Applications & Impact
The real-world application of this work is clear: helping municipal utilities reduce financial waste. A more accurate forecast allows a utility to purchase power with confidence, minimizing the need to sell excess capacity at a loss. Even a 1-2% improvement in forecast accuracy can translate into hundreds of thousands, if not millions, of dollars in annual savings for a mid-sized utility.
By making this level of accuracy accessible without a massive investment in a specialized, domain-expert team this approach allows public funds to be reallocated from operational losses to essential community services.
Lessons Learned
- What worked well: The ease and speed at which Kumo RFM could provide forecasts was astounding. We could obtain forecasts within minutes of getting the data. While these forecasts were not state-of-the-art, they were definitely good enough to serve as solid baselines. Basic feature engineering, which only took a few hours, amplified Kumo RFM’s predictive abilities and allowed us to generate high-quality forecasts.
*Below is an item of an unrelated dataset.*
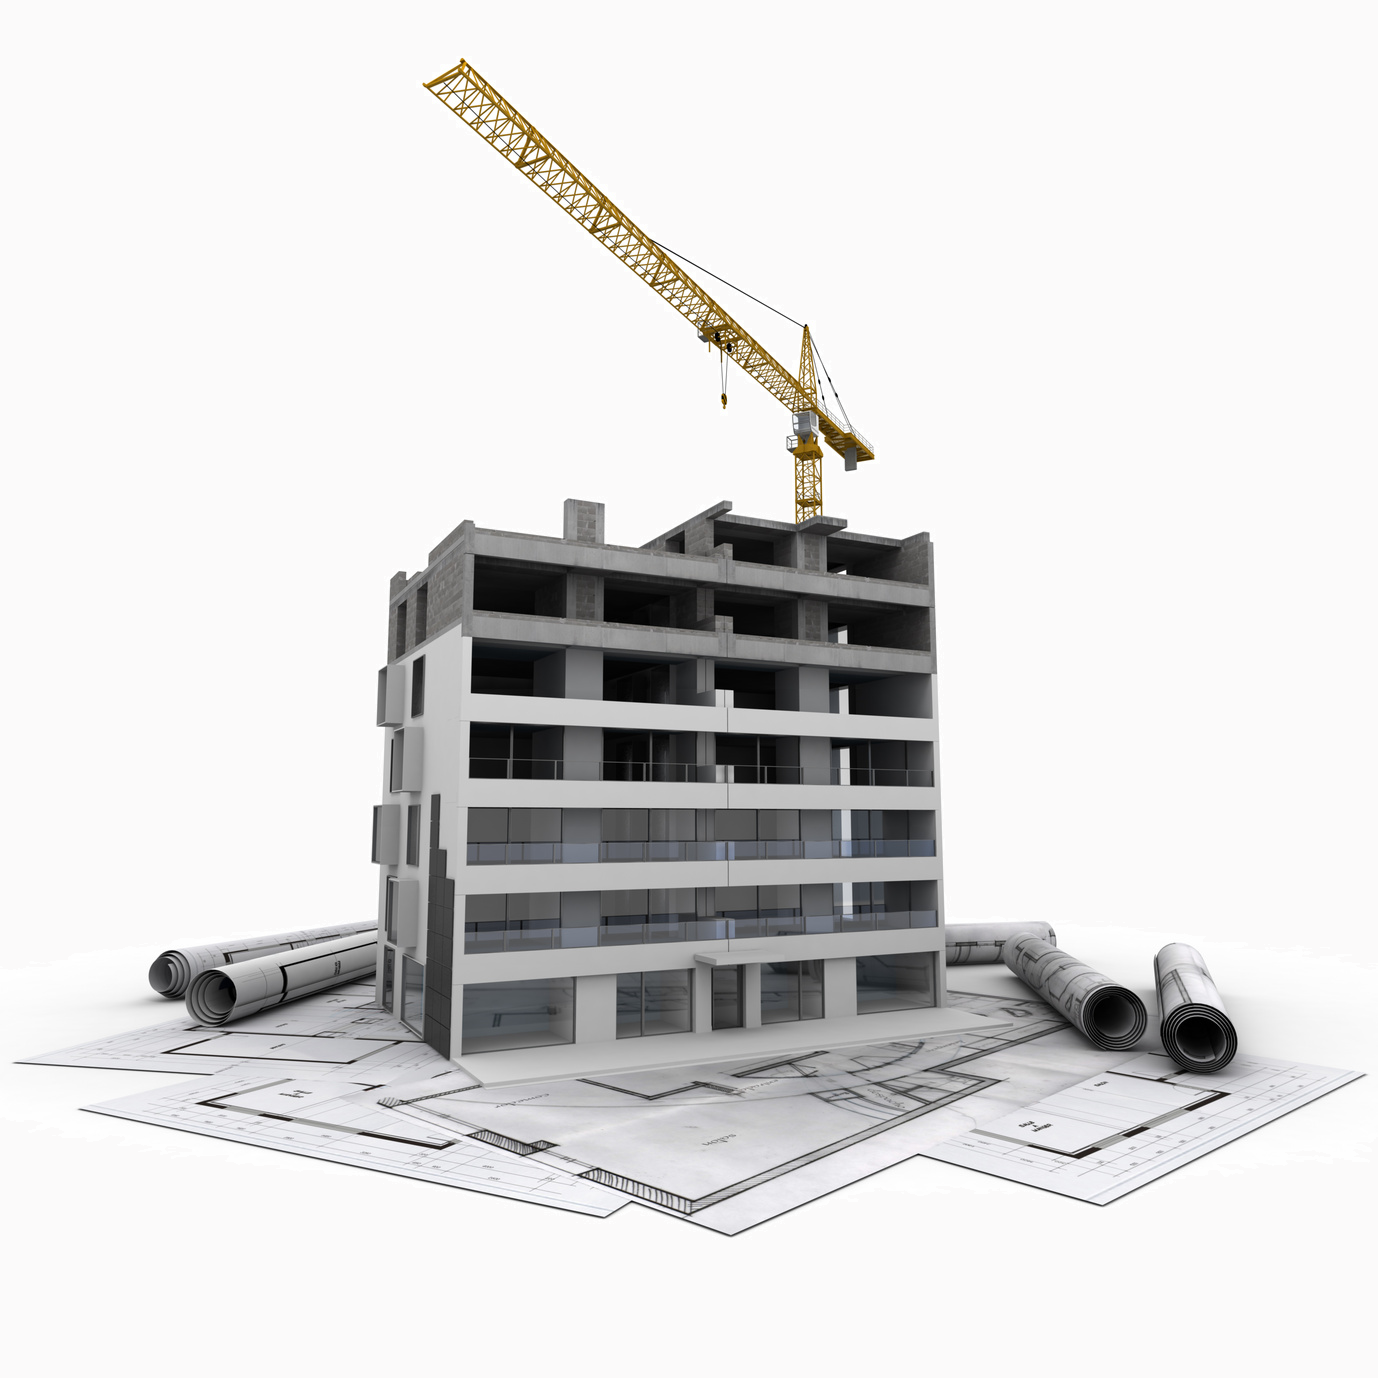 cost calculation tool for quantity surveyors and real estate investors

- What was challenging: Beating a well-resourced, professional benchmark like the CA ISO forecast is a difficult task under any circumstances.
- What surprised you: The biggest surprise was the "bang for your buck." We were amazed at how a set of standard, non-domain-specific features could beat a highly specialized forecast when paired with Kumo RFM. It proved you don't need to be a domain expert to get state-of-the-art results.
Conclusion
Our investigation revealed a new and powerful paradigm for data science teams. Kumo RFM's real innovation is how it streamlines the end-to-end workflow. It provides an instant, valuable baseline with raw data and then acts as a powerful engine that magnifies the impact of fundamental data science practices. This democratizes access to state-of-the-art predictions for organizations with limited resources, proving that any skilled data scientist can tackle highly specialized problems that, without Komu RFM, would require a significantly larger team with more resources.